On October 22, 1951, a special meeting of the board of directors of Service, Inc., was held at which time the acquisition of Service Co. was discussed. The minutes of the meeting and resolutions passed at that time include the following:
The chairman then stated that negotiations had been carried on for the purchase of the business assets of North American Service Co., an Illinois corporation, however, that company was not willing to sell its business assets. He pointed out that the stockholders of that company were quite willing to sell their stock. The chairman then stated that in order to acquire the business assets of North American Service Co. it would be necessary for this company to purchase all of the issued and outstanding stock of that company and to immediately, after such acquisition, partially liquidate that company in order to get the assets desired, and he stated that he deemed it advisable for this company to do so. The chairman then presented to the meeting a copy of a proposed contract between the stockholders of North American Service Co. and the company. He stated that if this company should purchase the stock of
North American Service Co., the partial liquidation of that company would be effected through the distribution to this company, the sole stockholder of North American Service Co., of all of its assets, subject to its liabilities, except for $5,000. in cash, and that the final liquidation and dissolution of that company should not be effected earlier than April 1, 1955, and not later than December 31, 1955, and that the authorized capital of North American Service Co. should be reduced to $5,000, represented by 50 shares of common stock, par value $100 each.
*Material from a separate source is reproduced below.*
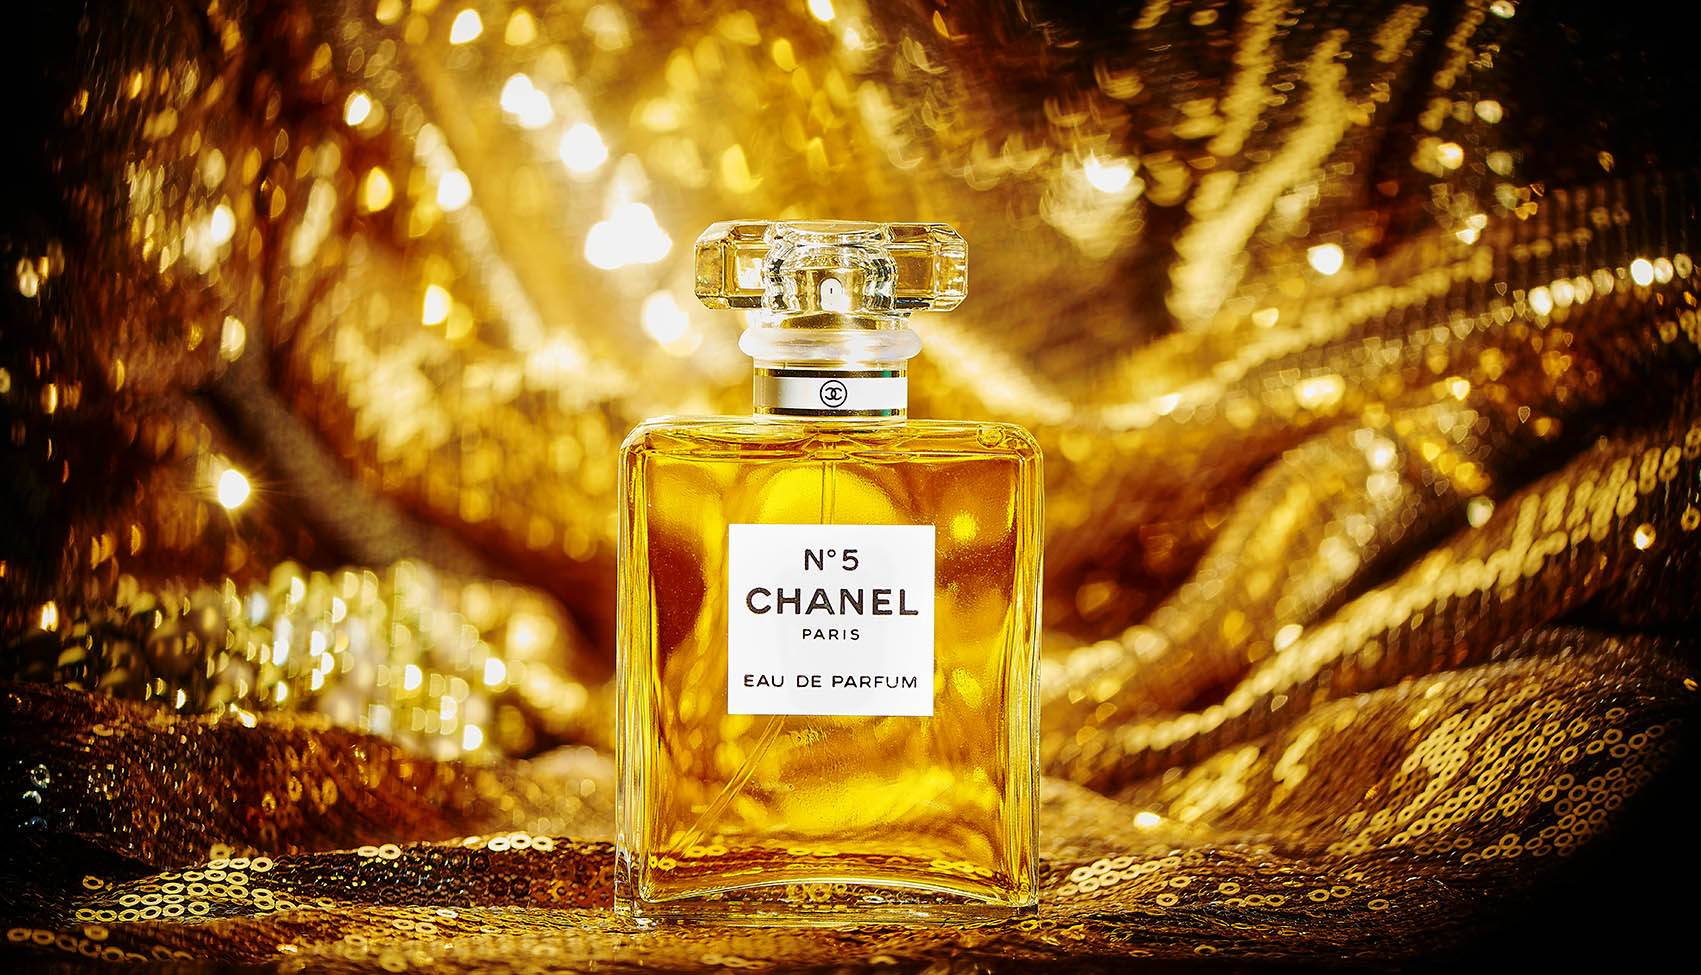 Chanel N°5, recherche personnelle autour du plus mythique des parfums

After a full discussion of the matter, on motion duly made, seconded and unanimously carried, the following resolutions were adopted:
WHEREAS, this company desires to obtain the business assets of North American Service Co. and negotiations have been carried on to that end; and
WHEREAS, North American Service Co. has refused to sell its assets; and
WHEREAS, the stockholders of North American Service Co. are quite willing to sell their stock in that company and it appears that in order to obtain the business assets of North American Service Co. it will be necessary to purchase the stock of that company and follow such purchase by an immediate partial liquidation of North American Service Co.; and
WHEREAS, this Board of Directors deems it advisable and necessary for this company to borrow the sum of $900,000, to obtain the funds needed in connection with the purchase of the stock of North American Service Co. and in order to meet current obligations;
NOW, THEREFORE, BE IT RESOLVED, That the Chairman of the Board of Directors and the Secretary of this company be and they are hereby authorized to enter into a contract for the purchase by this company, at a total price not exceeding $965,000, of all of the issued and outstanding shares or stock of North American Service Co., including both common and preferred stock, from the shareholders thereof, such contract to contain substantially the same terms and conditions as the aforementioned contract presented to this meeting, and that a copy of said contract be appended to these minutes.